_Information supplied_
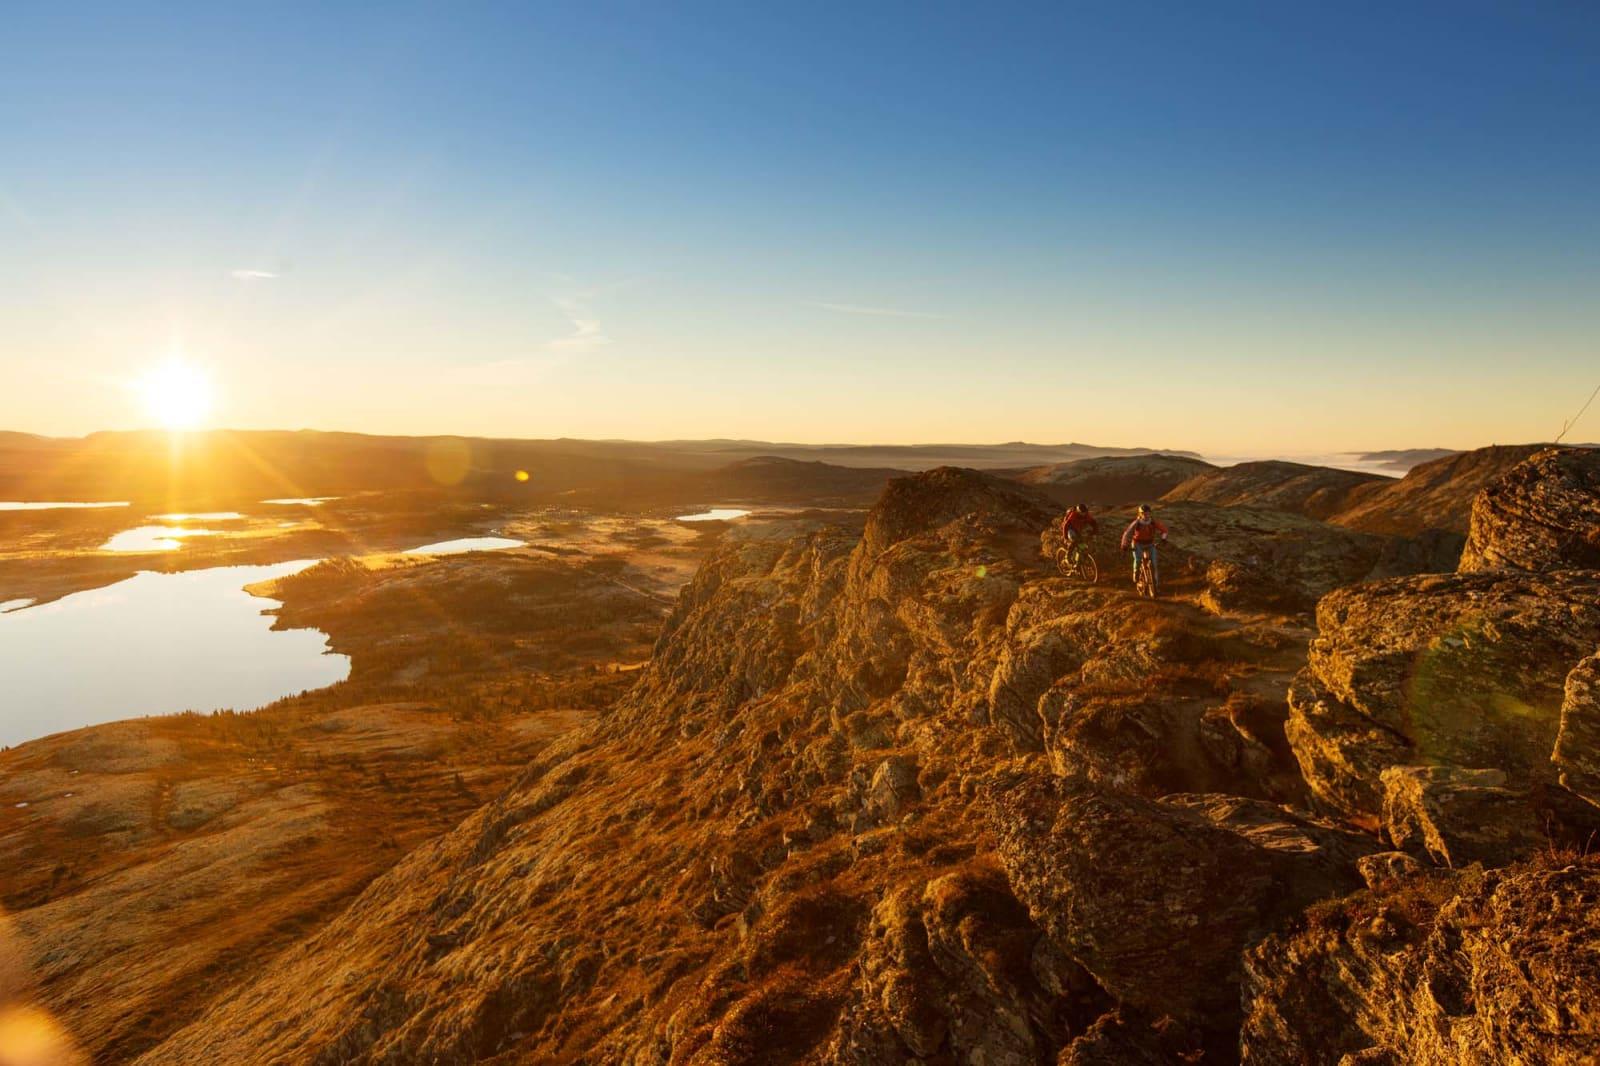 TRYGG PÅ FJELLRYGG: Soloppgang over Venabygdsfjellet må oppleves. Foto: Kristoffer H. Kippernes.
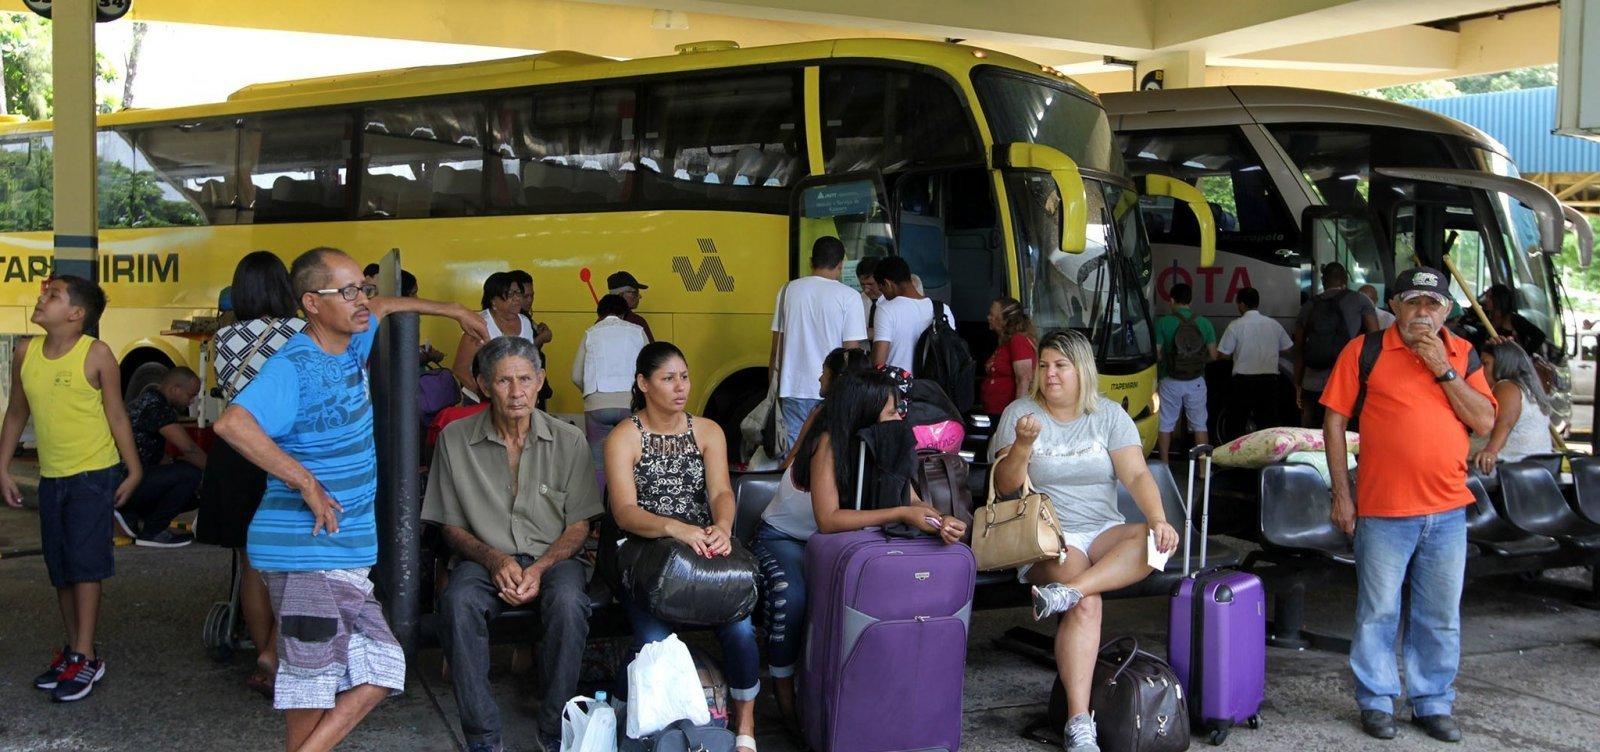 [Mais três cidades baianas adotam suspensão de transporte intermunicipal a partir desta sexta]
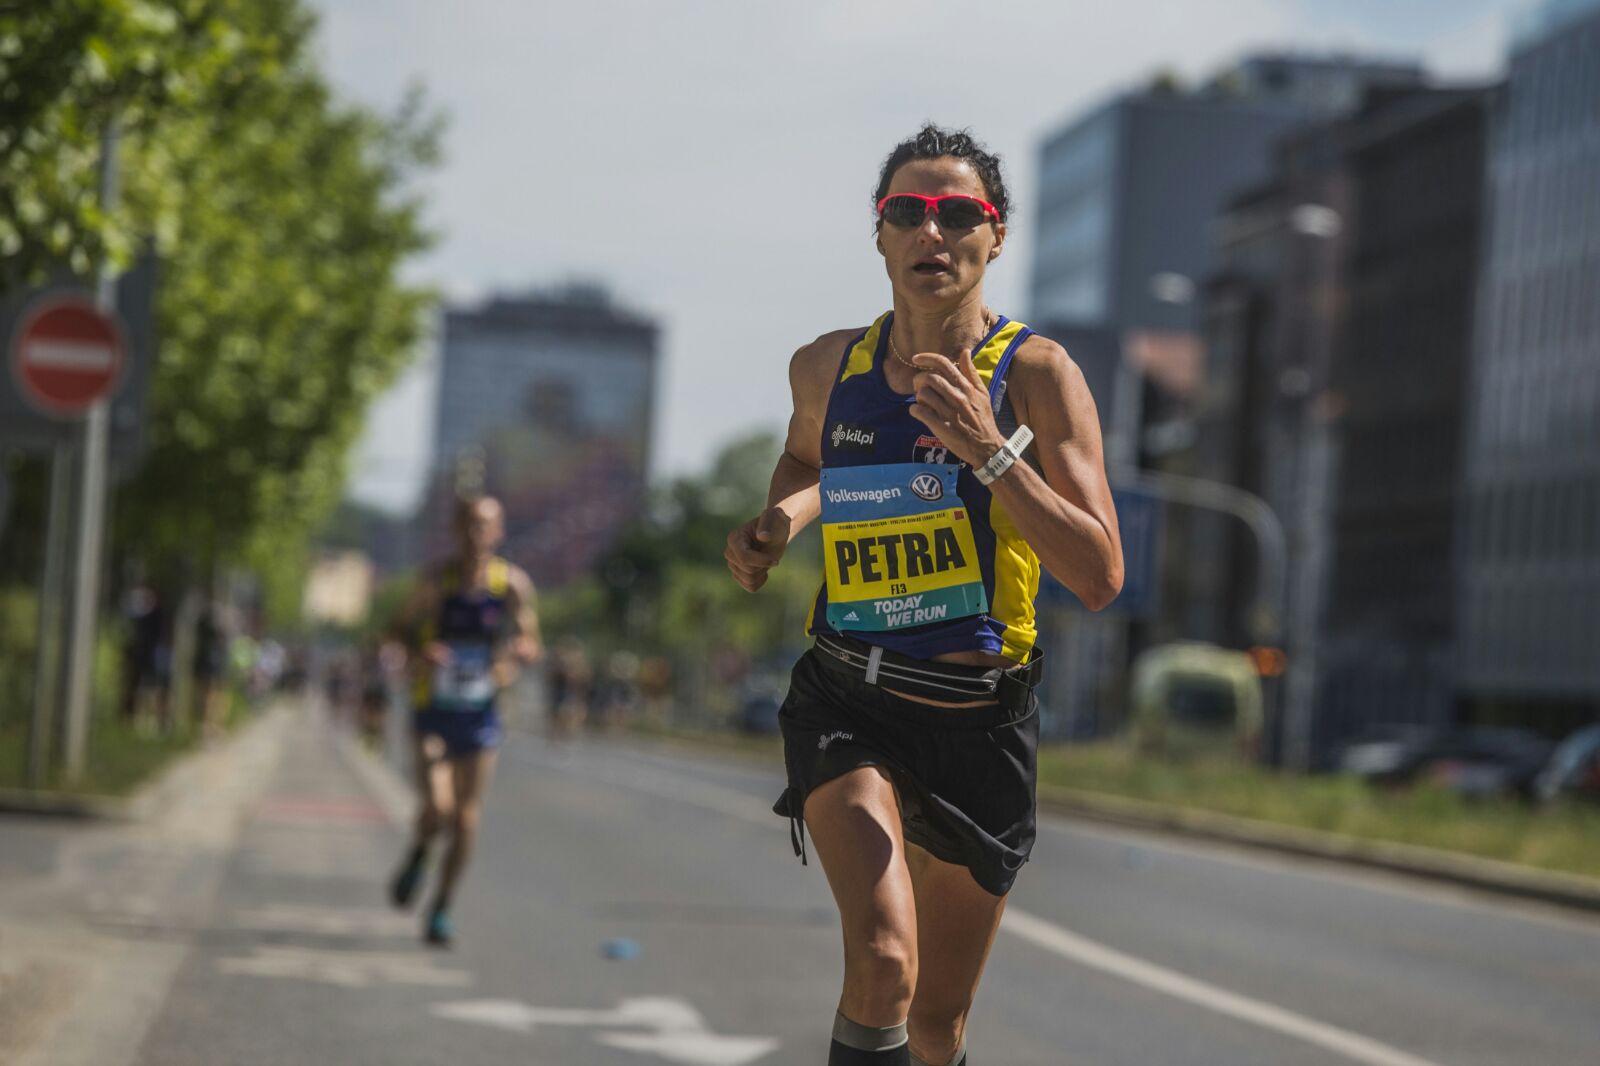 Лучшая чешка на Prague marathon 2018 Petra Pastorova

_Work required_
Every line above should be transcribed word for word; leave the pictures out.

_Solved exercise_
 TRYGG PÅ FJELLRYGG: Soloppgang over Venabygdsfjellet må oppleves. Foto: Kristoffer H. Kippernes.
 [Mais três cidades baianas adotam suspensão de transporte intermunicipal a partir desta sexta]
 Лучшая чешка на Prague marathon 2018 Petra Pastorova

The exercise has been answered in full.